After so many years of writing about wine I experienced another epiphany yesterday. In the company of 75 gathered aficionados I listened to winemakers and viticulturists talk about their land, their soil, the tender regard they had for their particular slope of eden.
And as they talked, we tasted wines made from their grapes ranging throughout the appellation, a cross-section of four of the AVA’s distinctive winegrowing areas.  And in each of the four flights (four vineyards x three winemakers = a dozen wines), the individual personalities, desires, and  vitality of those vineyards unfurled.
Wine. A living work of art existing for the moment of time it takes to travel from sip, to palate, to memory. Liquid music.  Like music, wine is a living creation, existing as long as it is tasted (experienced, played). Music isn’t quite right as an analog, but it’s more apt than painting (too concrete) or sculpture (again, extant in a specific time and place). Music exists in many states—altered states, if you will. In Brian Eno’s head, on a cocktail napkin at Brian Eno’s favorite saloon, in Brian Eno’s computer (software program where it can be emailed to his friends and collaborators), and finally in both the real spacetime world, as well as infinitely in cyberspace.
What can wine do in a similar way? Well it can exist, sleeping in potentia, for the vineyard manager to sense its dormant potential. The winemaker tastes the grapes from time to time, and sure enough a oeno-identity begins to take shape in her or his consciousness. e.g. This is going to be an unusually spicy syrah. As they grow and ripen, the grapes begin to form ideas of their own, extracting the choice bits of mineral information and climactic tricks and driving them forward toward the future flavors.

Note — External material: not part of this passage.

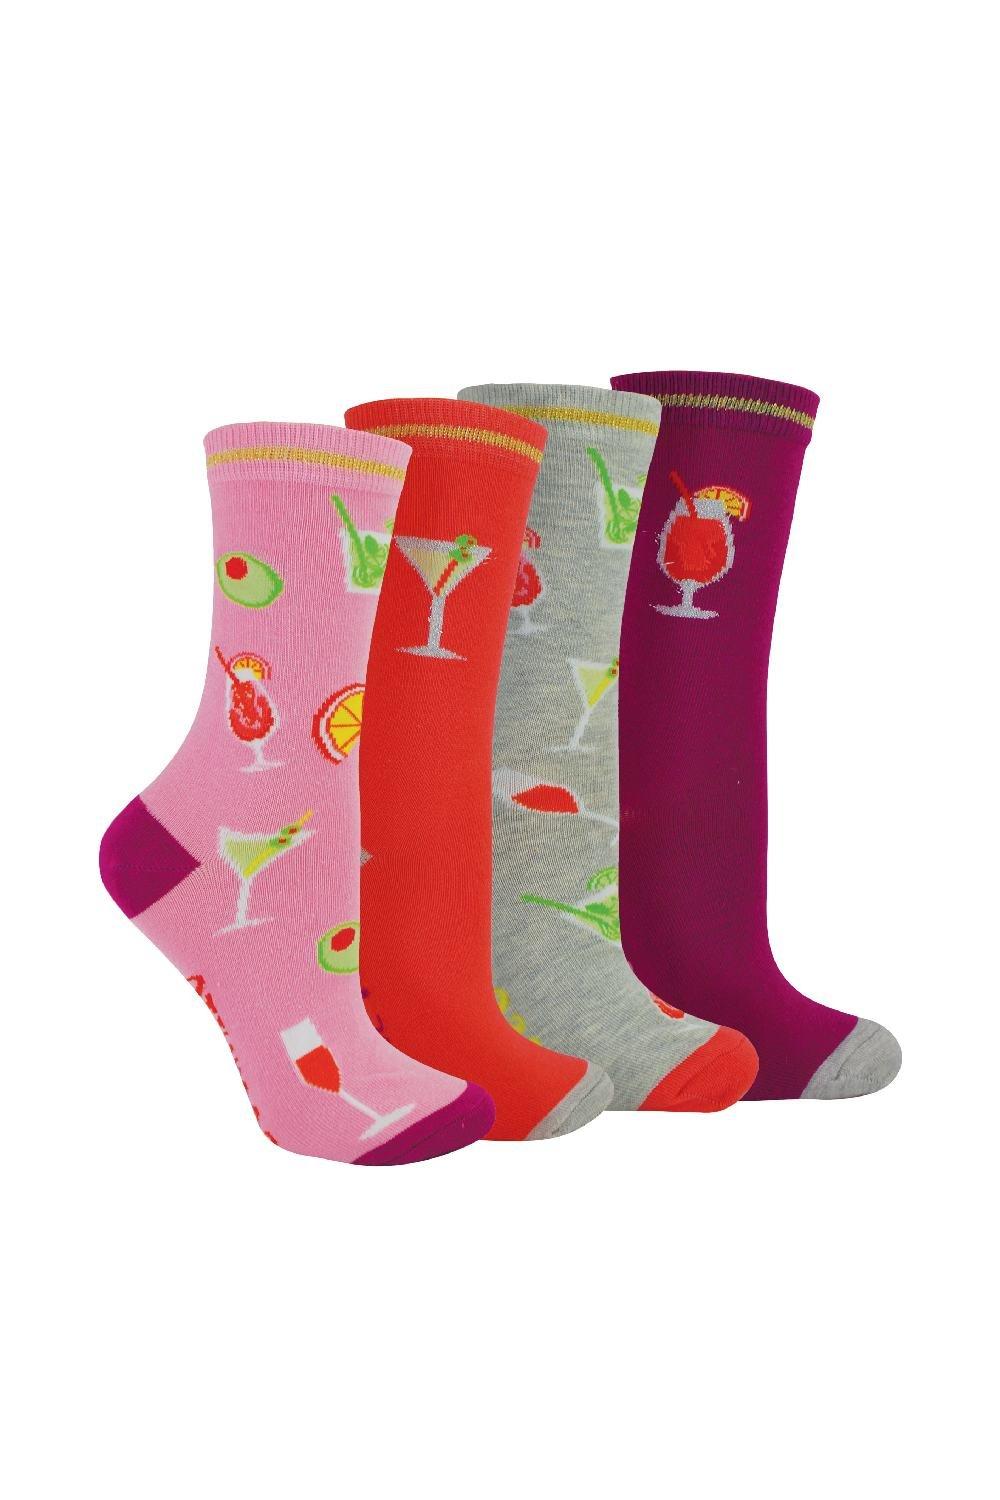 4 Pairs Soft Cotton Cocktail Design Novelty Socks in a Gift Box

Weather does whatever it does, for example dashing hopes of early ripening but perhaps diving deeper into flavor intensity with its geological moodswings. And so harvest comes, the brix and ph are what they are, and finally after picking before daylight, the winemakers receive their sacramental ingredients and begin to compose. The alchemy that  burnishes what the season, soil, and vineyard terroir have already supplied is the work of the winemakers. But it’s that flat out gamble, yes that’s exactly what it is, that gamble that something exceptional—and even if not exceptional at the very least something different — will result (after fermenting, racking, barreling, and waiting) that makes winemaking such a rush, such a heady art form. The composer can tinker endlessly, (and here’s where the analogy breaks down) but the winemaker still must work with the grapes which that season and that place has yielded.Â
Into the bottles! Then more waiting. Finally my hand reaches toward the shelf of bottles and I choose that wine to come home with me. I open it and let it be influenced by oxygen, teased into releasing all of its inherent flavor notes, its unique character. Only when I begin to taste the wine, does it finally fulfill its destiny. In that taste, in my mouth, the wine lives. And when that glass, that bottle, and finally that entire vintage are gone, the wine achieves its final incarnation—as a sensuous memory.